The day after the calves’ birth on July 27, the Facebook page for Barstow’s Dairy Store and Bakery began updating the public with photos of the calves, two of which are predominantly black, and the third mostly white, though as Diane Barstow observes, they are “remarkably similar.”

“Three times the cute here at Barstow’s Longview Farm! Yesterday we welcomed TRIPLETS to our herd!” one Facebook post states. “Mama and all three heifer (female) calves are doing well.”

It wasn’t all that unusual to have twin heifer calves, as the farm has about 600 cows and births are taking place throughout the year as a way to ensure that milk is always being produced. Though Trieste delivered her calves two weeks early, the third calf still came as “a big surprise,” Diane Barstow said.

The farm has cited statistics showing that having three heifer calves could be as rare as one in two million births.

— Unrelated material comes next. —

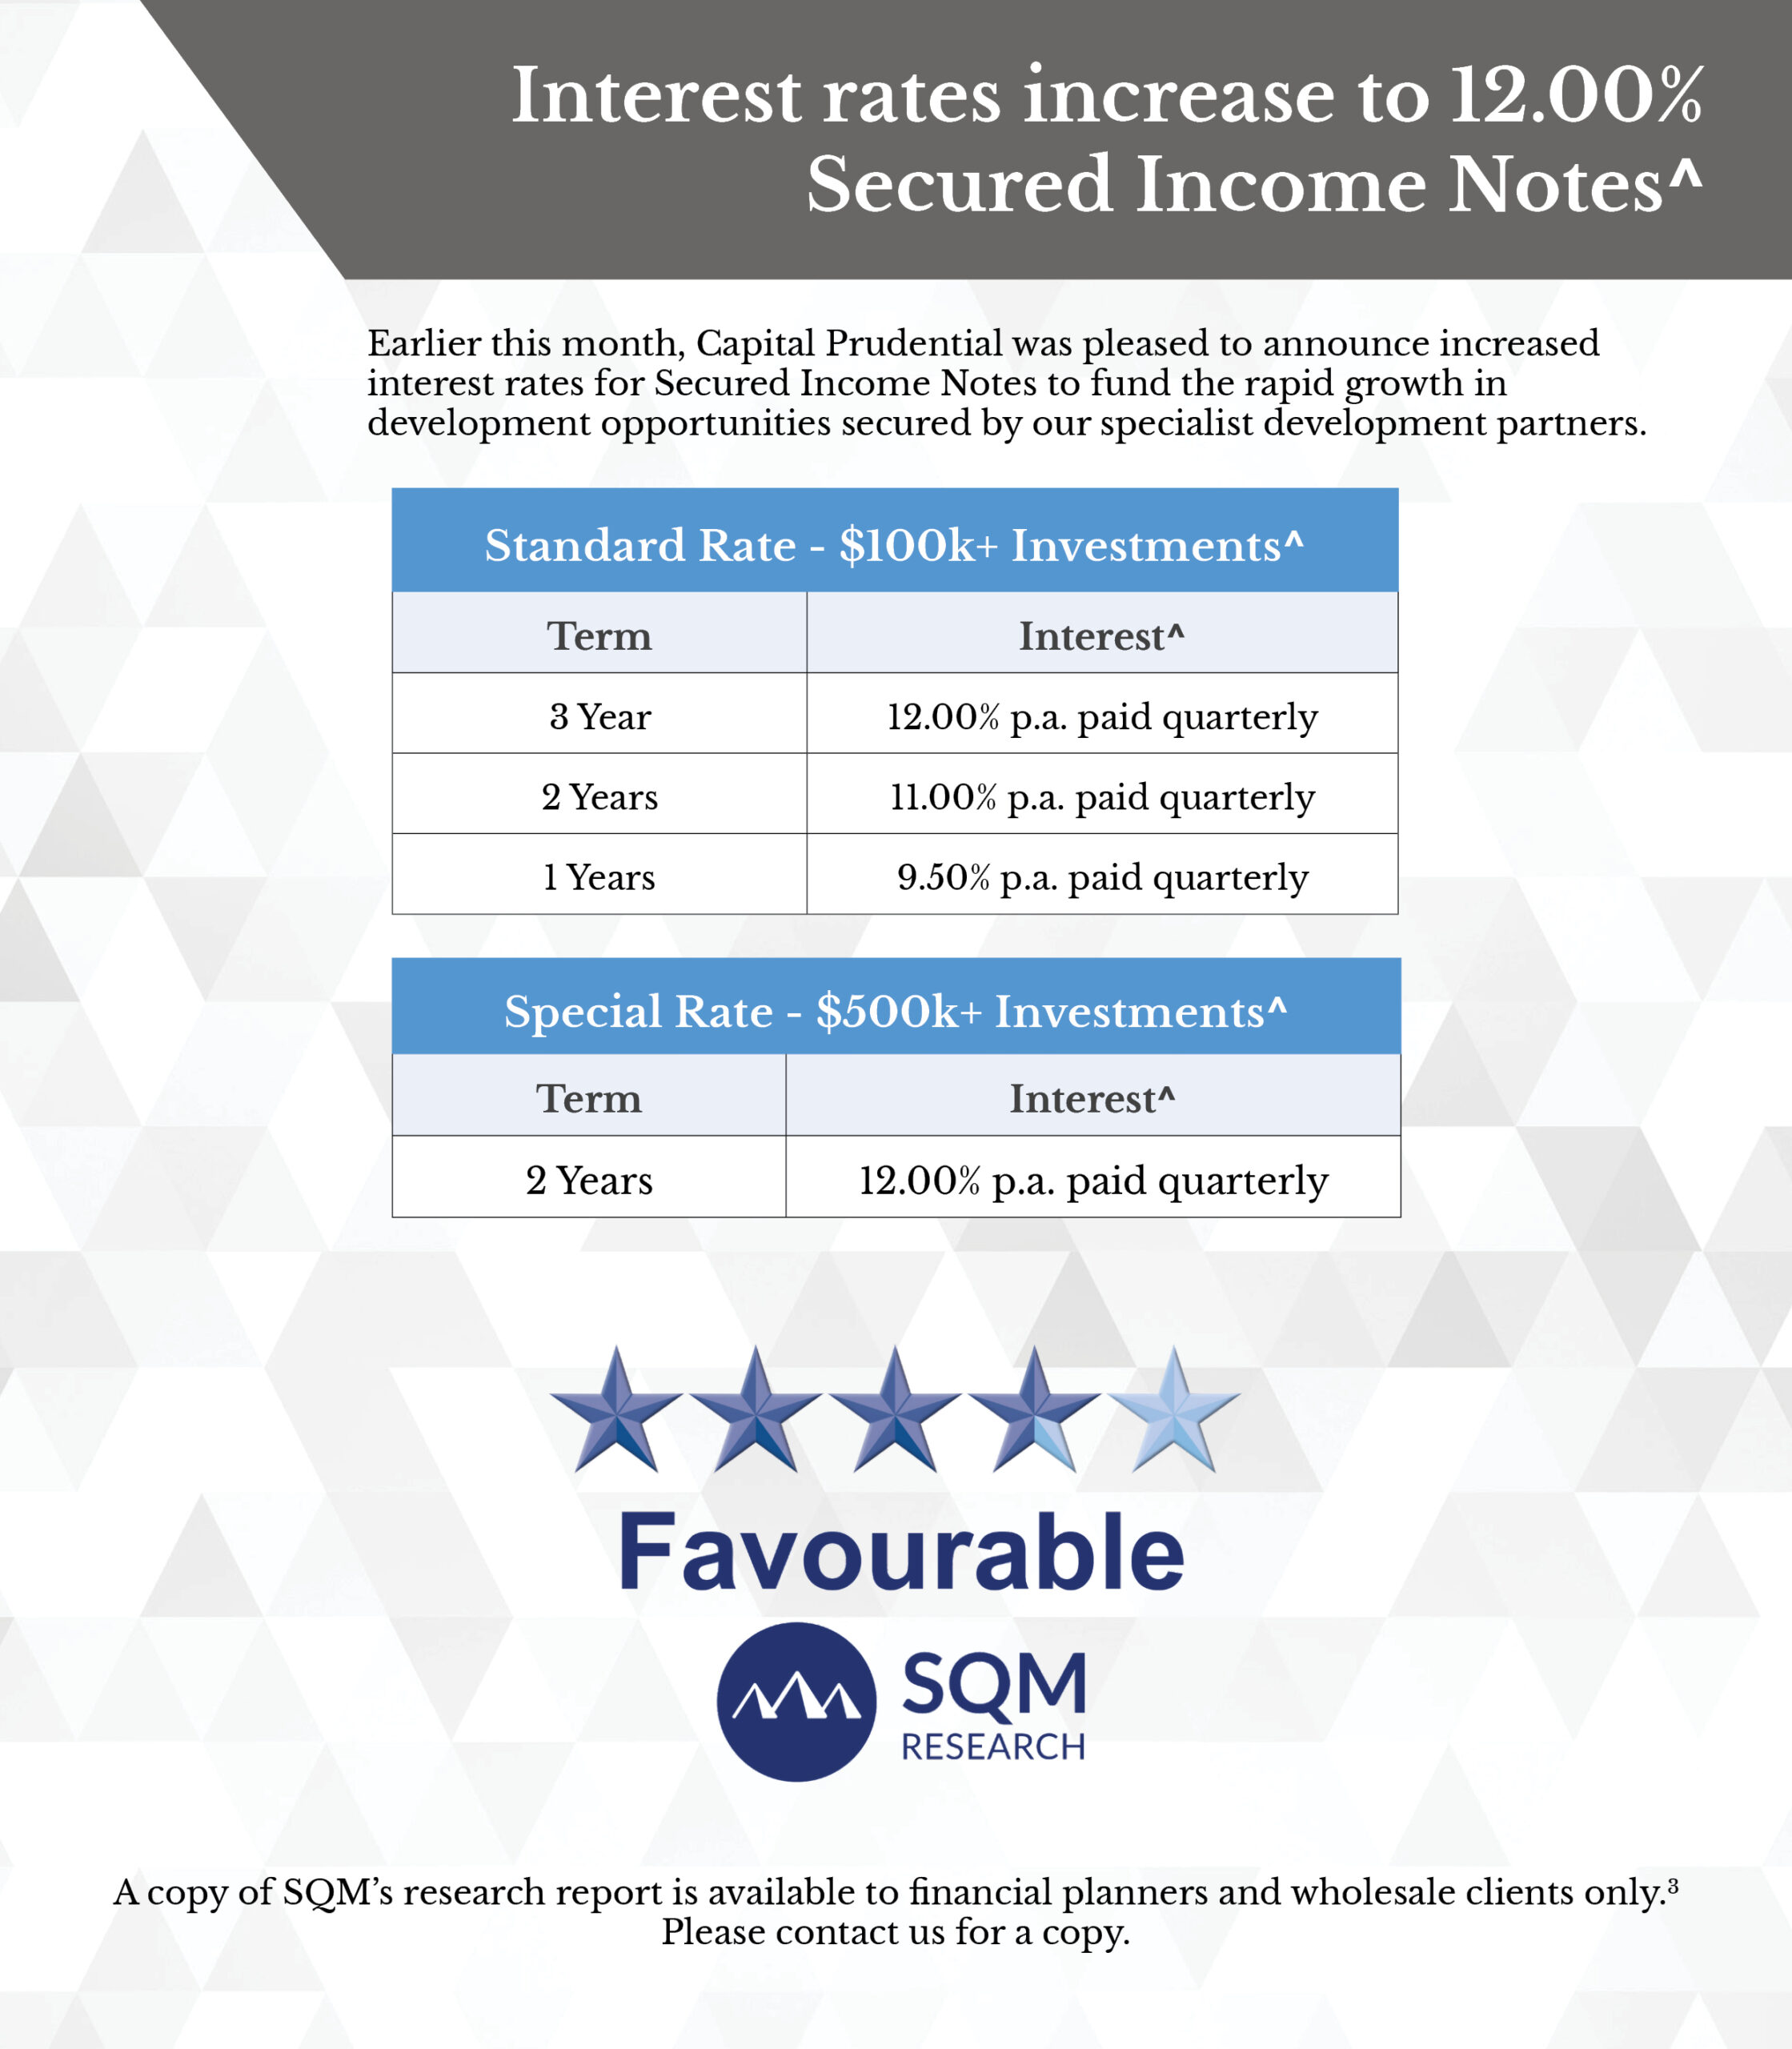 Interest rates increase to 12.00% Secured Income Notes^

The typical Holstein dairy calf weighs around 90 pounds at birth, so the calves are less than half the normal size, not much different from a preemie human baby. Diane Barstow said the expectation is the calves, though still thin, will get to a normal weight and eventually become part of the cows milked at the farm.

Initial updates on Facebook have focused on the calves’ activities.

“We left the feeder gate unlocked last night and before we checked in this morning, 607 had already eaten her entire breakfast and 606 was in process. When she was done, Diane Barstow entered the pen and 608 got up and followed her to the feeding station like she was the Pied Piper!

“Good nutrition and care is just what they need, like all of our calves, for the right start here on the farm!”

Diane Barstow said the triplets come as a bright spot in a summer when the farm is anticipating that up to a quarter of the field corn that will be harvested in September, and be used as a component of feed for the cows, may be lost due to flooding. The extent of damage, even using drones to survey it, is not yet known.